Meratus Terancam Radikalisme

11 Januari 2018   18:10 Diperbarui: 12 Januari 2018   09:39 591
+
Laporkan Konten
Laporkan Akun
Kompasiana adalah platform blog. Konten ini menjadi tanggung jawab bloger dan tidak mewakili pandangan redaksi Kompas.
Lihat foto
Sumber foto : banjarmasin.tribunnews.com

Saat Bupati Hulu Sungai Tengah, Abdul Latif, ditangkap KPK pada 4 Januari 2018 kemarin, muncul kekhawatiran banyak pihak bahwa penangkapan tersebut berbau "pheli-thik" karena selama ini Bupati HST tidak pernah memberikan izin pertambangan batu bara di wilayahnya. 

Namun, pendapat ini segera dibantah oleh beberapa kalangan lainnya yang mengatakan penangkapan tersebut tidak ada kaitannya dengan sikap tegas bupati terhadap tambang batu bara.

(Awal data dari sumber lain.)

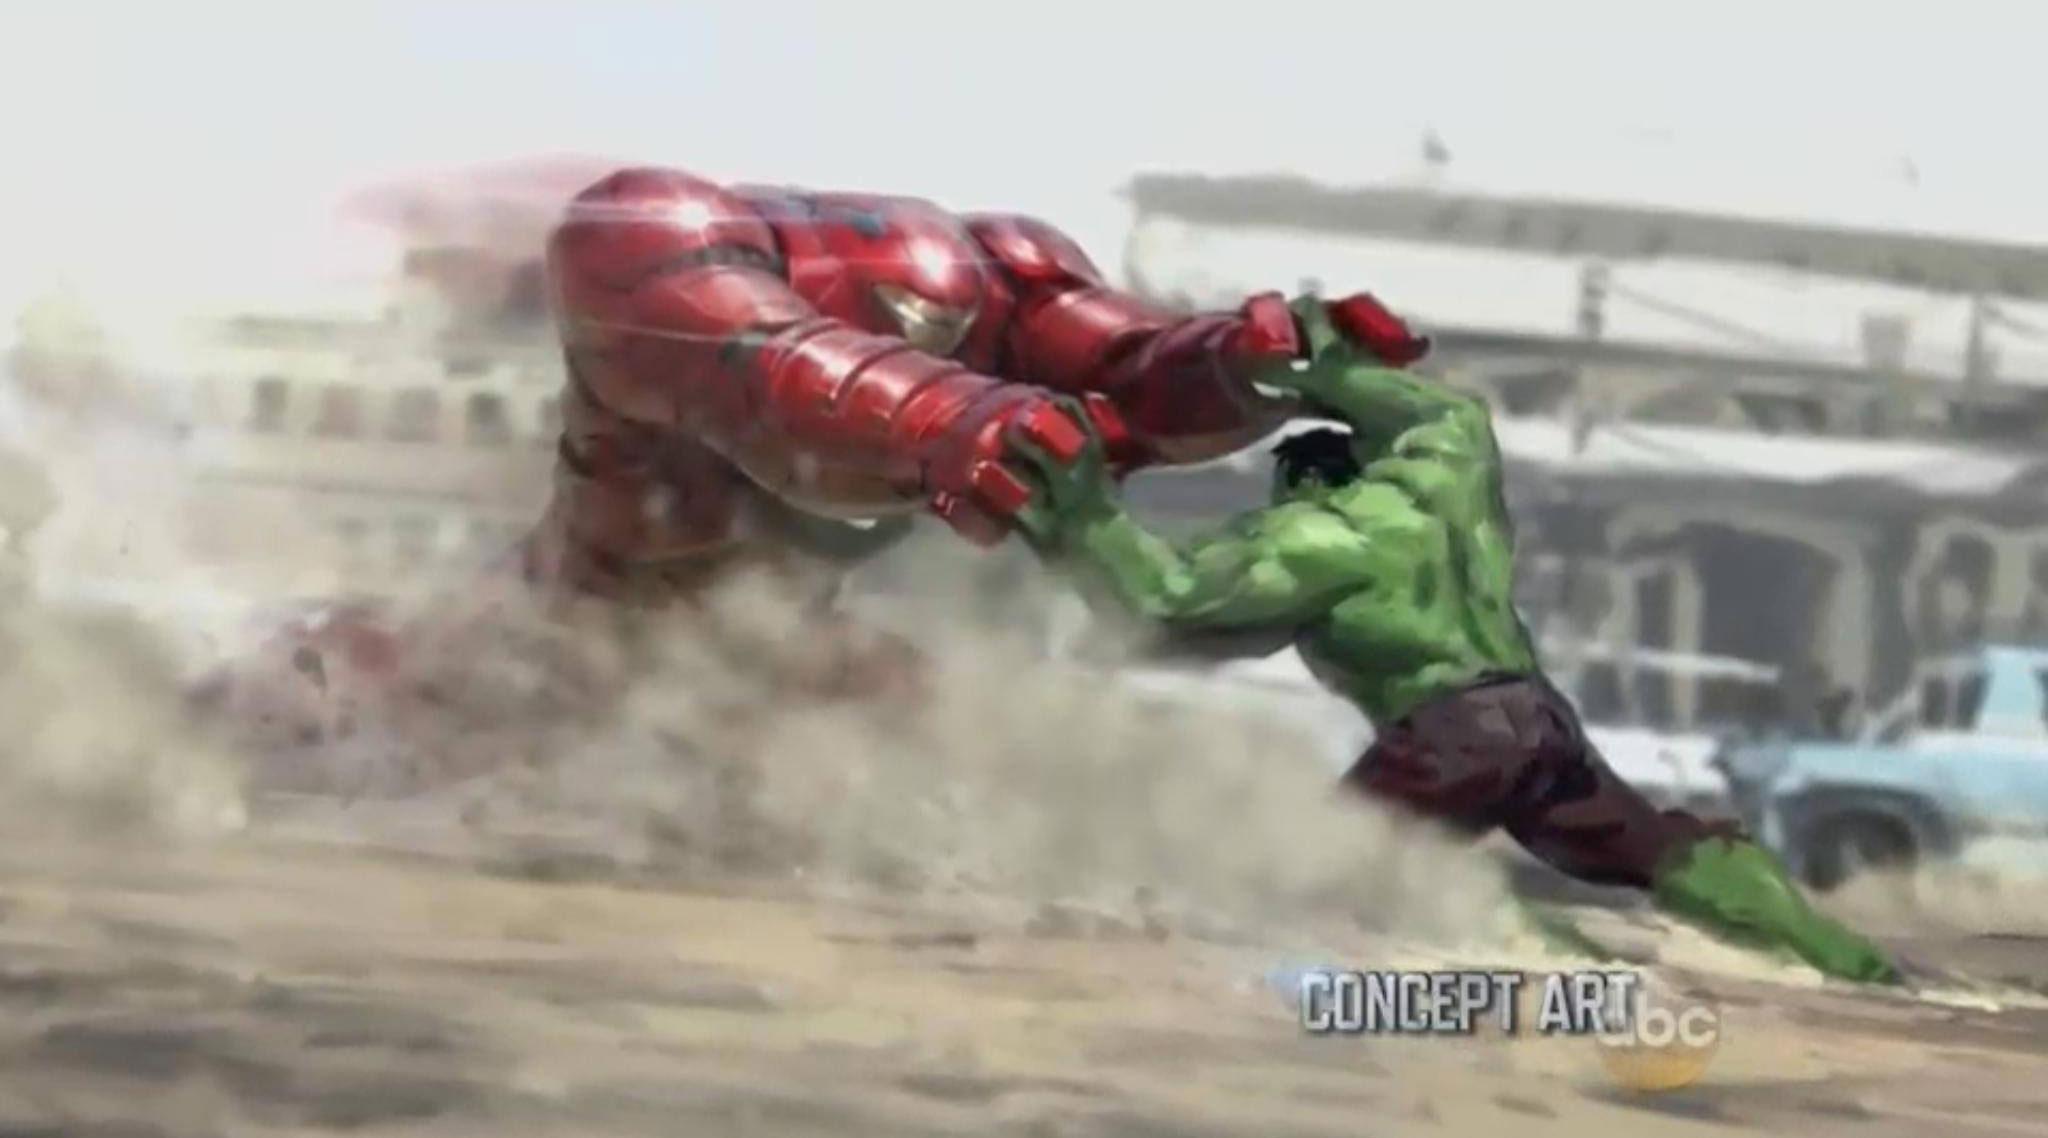 [CINEMA][Topico Oficial] Avengers: Age of Ultron - Visual do Visão! - Página 22 Hulkbuster_Concept_Art_for_Avengers_Age_of_Ultron

Sempat terjadi perdebatan agak sweeengit di antara dua kelompok tersebut. Satu pihak meyakini penangkapan ini hanya sebagai jalan agar Kabupaten Hulu Sungai Tengah bisa segera dikeruk emas hitamnya. 

Pihak lain yang menolak analisa itu berpendapat KPK melakukan penangkapan karena memang si bupati terlibat suap. Dan soal suap itu, tak ada korelasinya dengan sikap bupati yang melarang wilayahnya disentuh aktivitas pertambangan.

Namun, saat ini semua terang benderang. Itu karena Kementrian Energi dan Sumber Daya Mineral, ternyata sudah menerbitkan keputusan Nomor 441.K/30/DJB/2017 tentang Penyesuaian Tahap Kegiatan Perjanjian Karya Pengusahaan Pertambangan Batu Bara (PKP2B) Mantimin Coal Mining (MCM) menjadi tahap kegiatan operasi produksi. 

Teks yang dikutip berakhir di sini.